(Data):
┌──
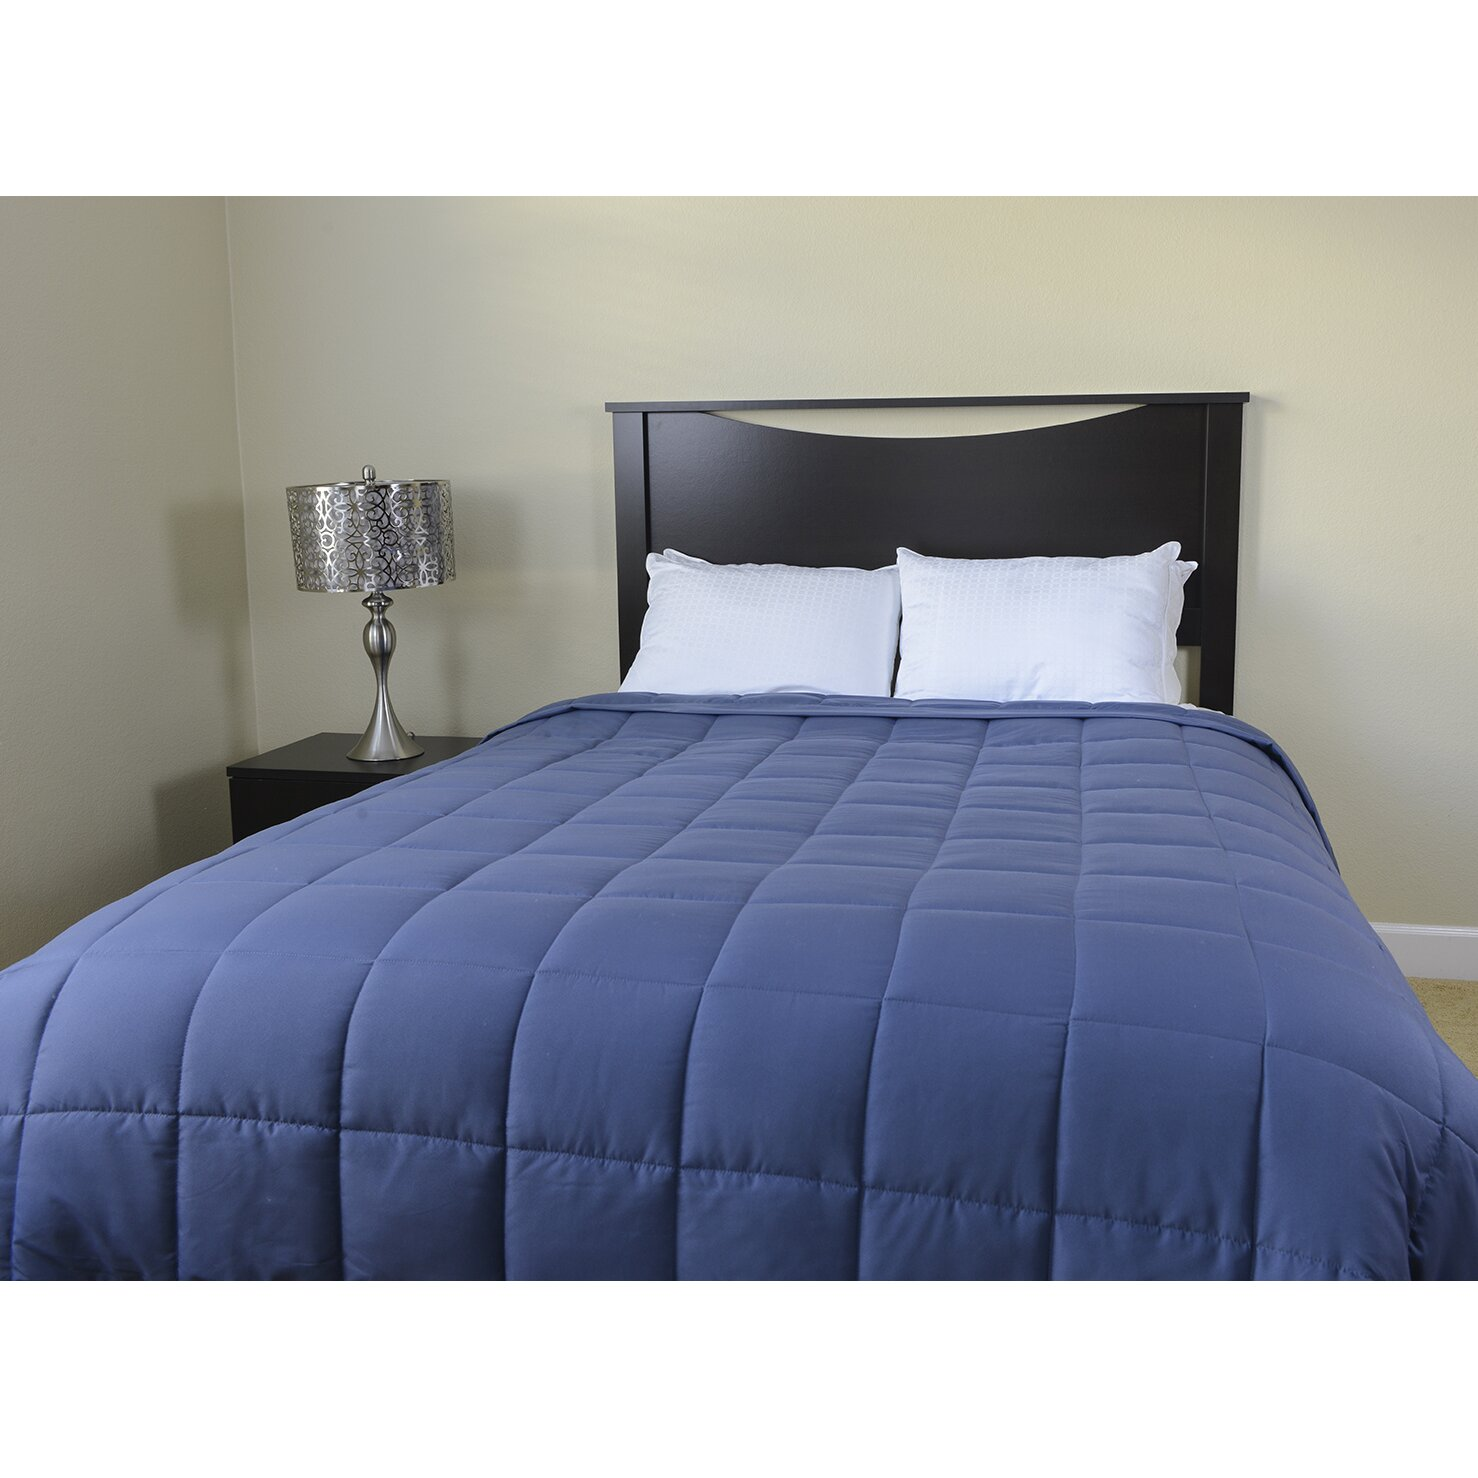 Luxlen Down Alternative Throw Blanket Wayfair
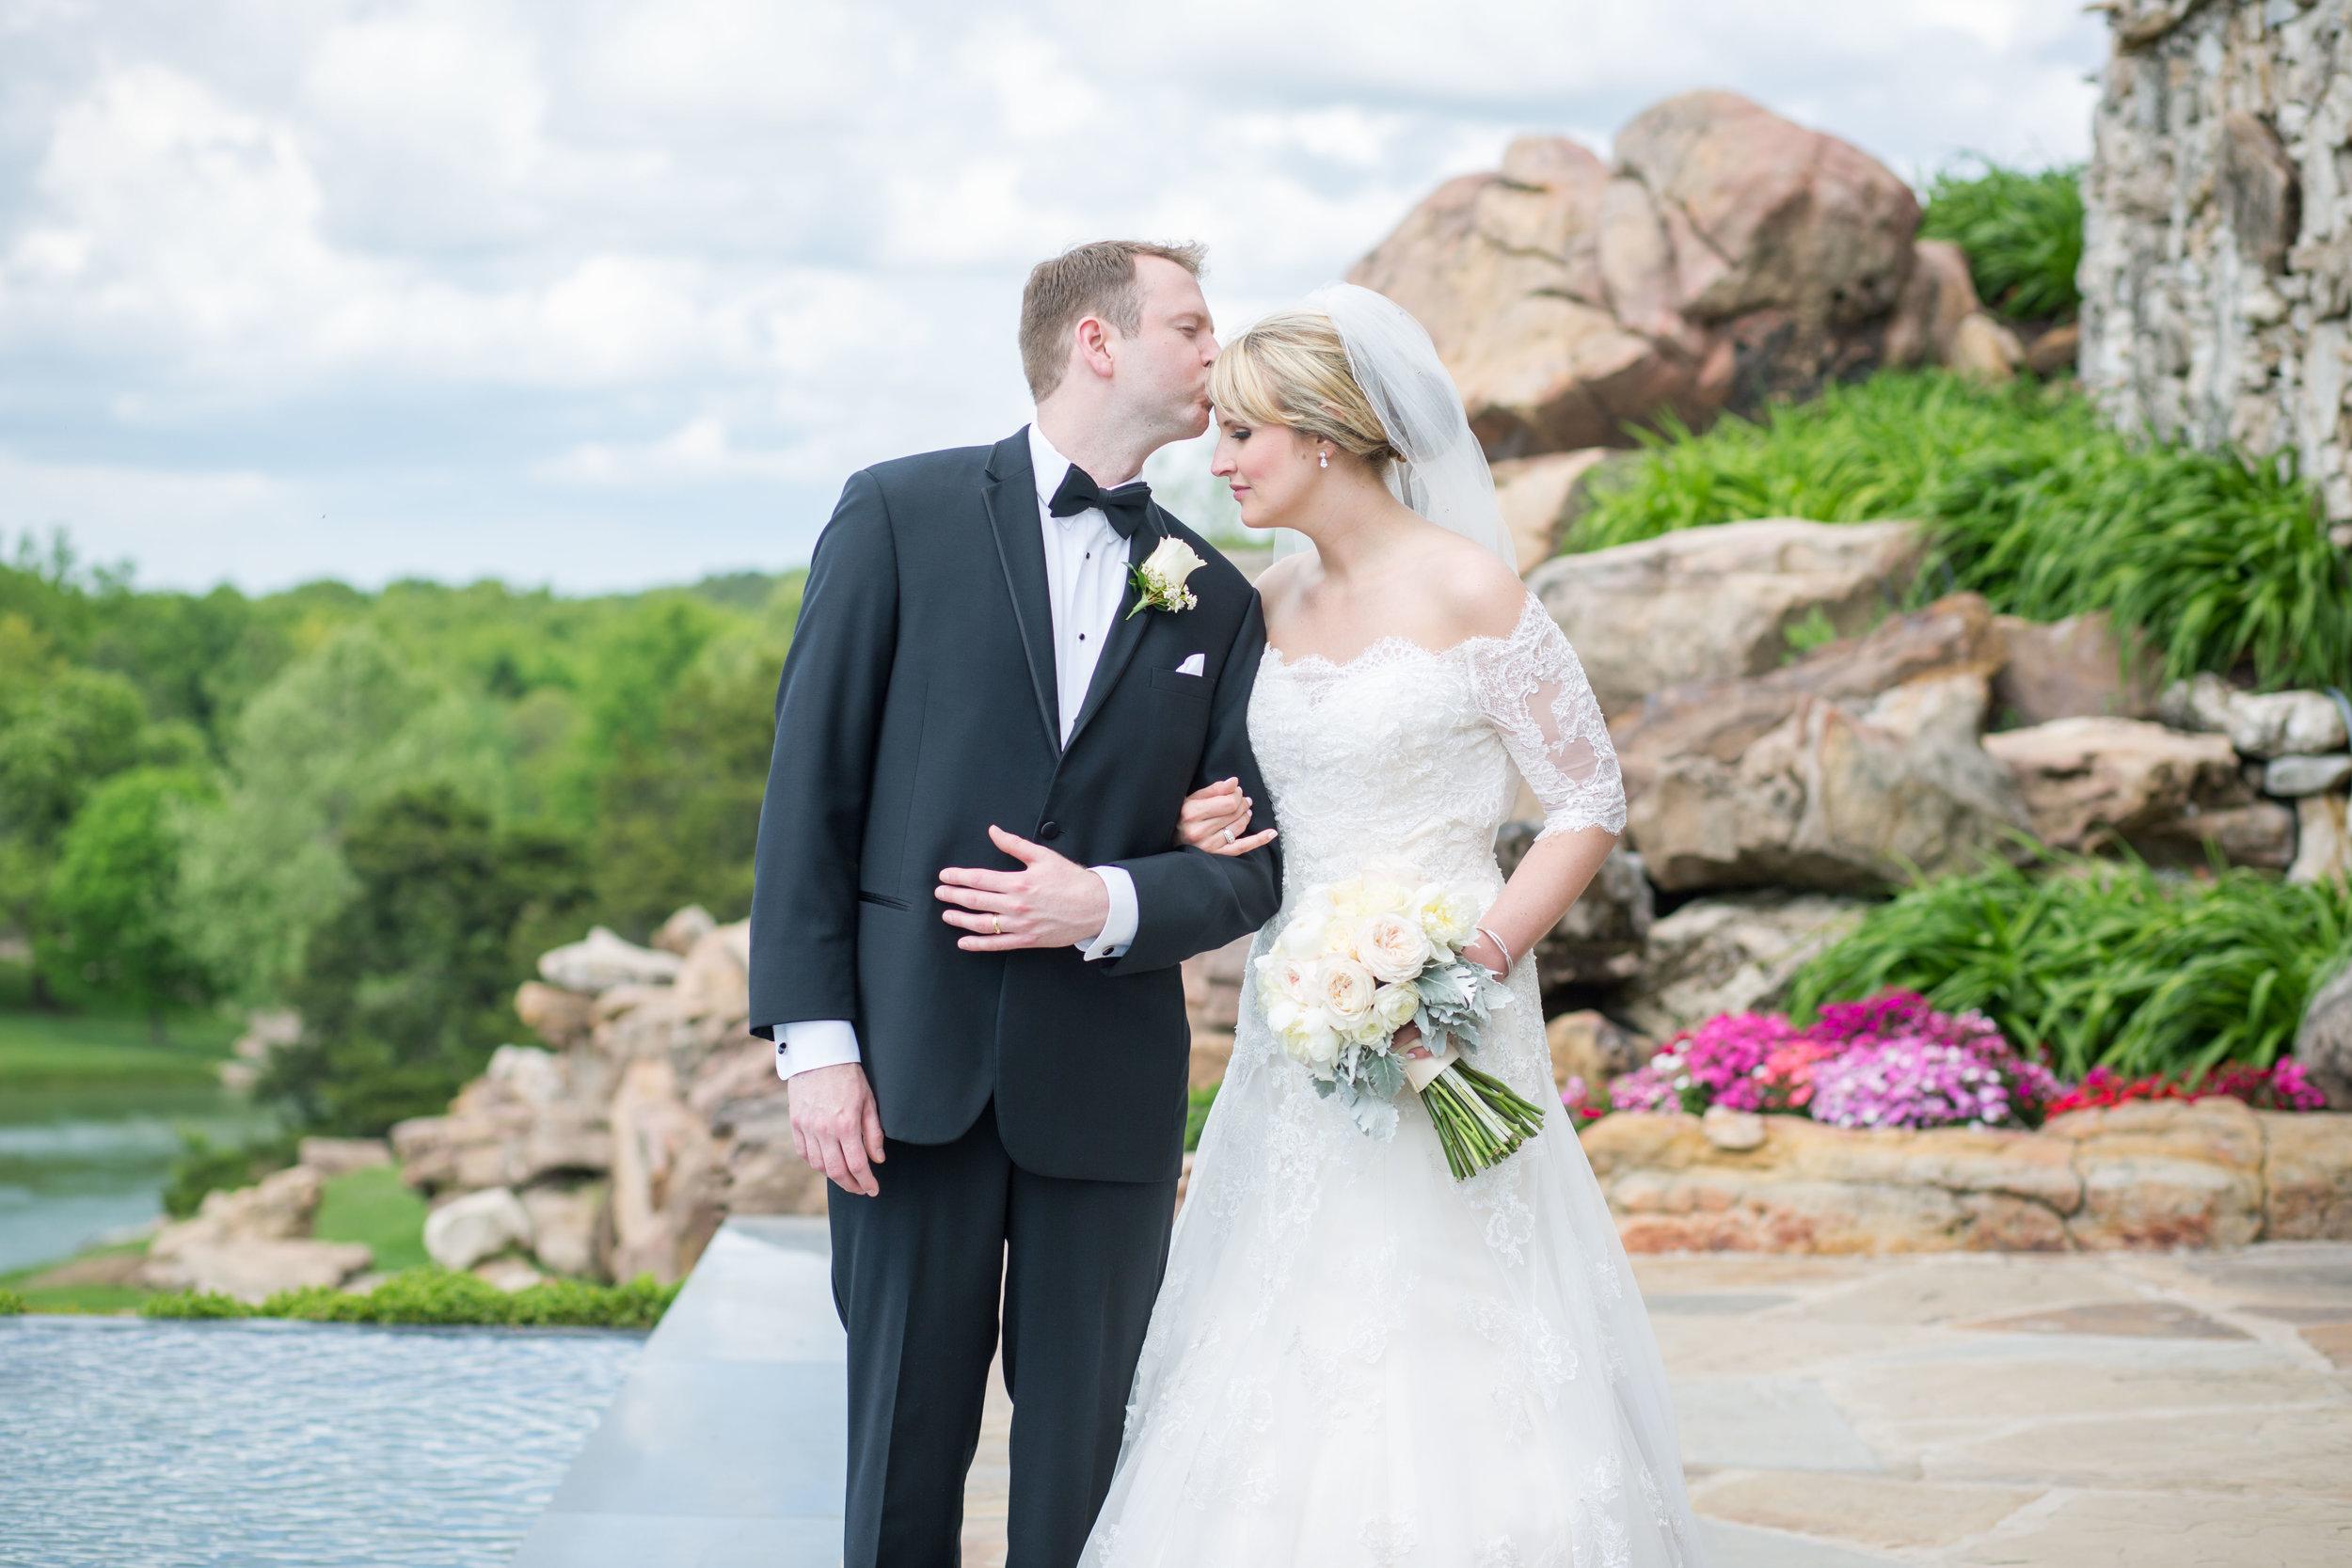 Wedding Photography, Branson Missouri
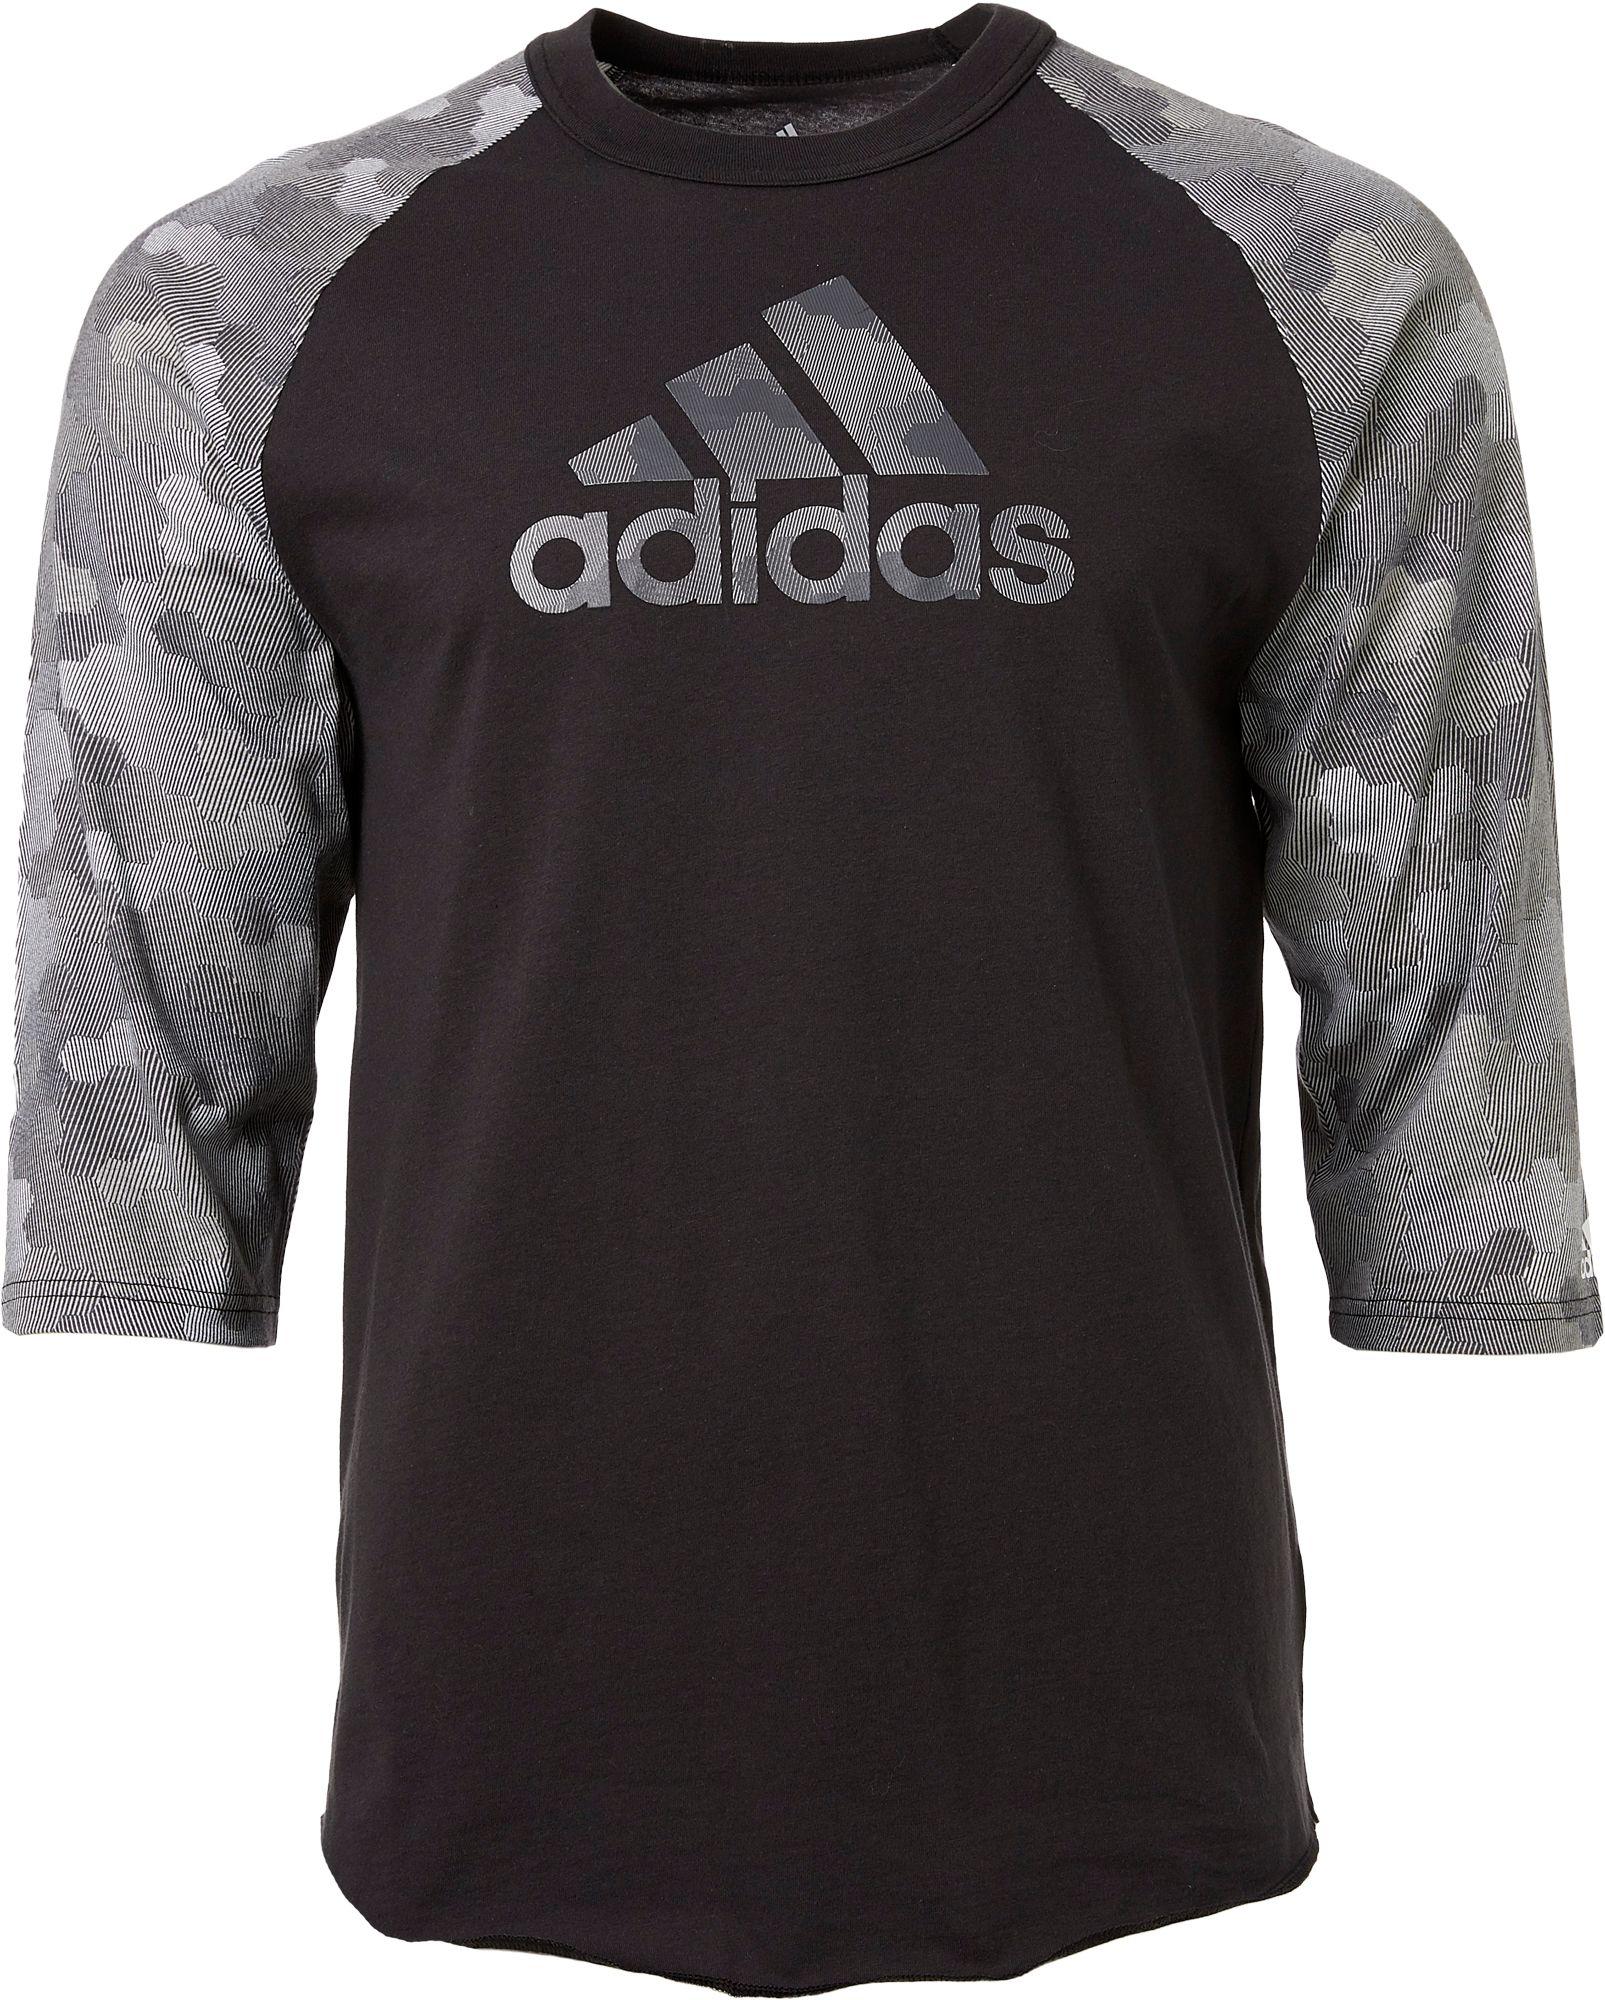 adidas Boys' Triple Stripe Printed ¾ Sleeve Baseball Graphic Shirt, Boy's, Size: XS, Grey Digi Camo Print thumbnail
└──
(Task statement):
In the reply, every line of the material above is to be reproduced verbatim, and the images are to be left out.

(Solution to the problem):
 Luxlen Down Alternative Throw Blanket Wayfair
 Wedding Photography, Branson Missouri
 adidas Boys' Triple Stripe Printed ¾ Sleeve Baseball Graphic Shirt, Boy's, Size: XS, Grey Digi Camo Print thumbnail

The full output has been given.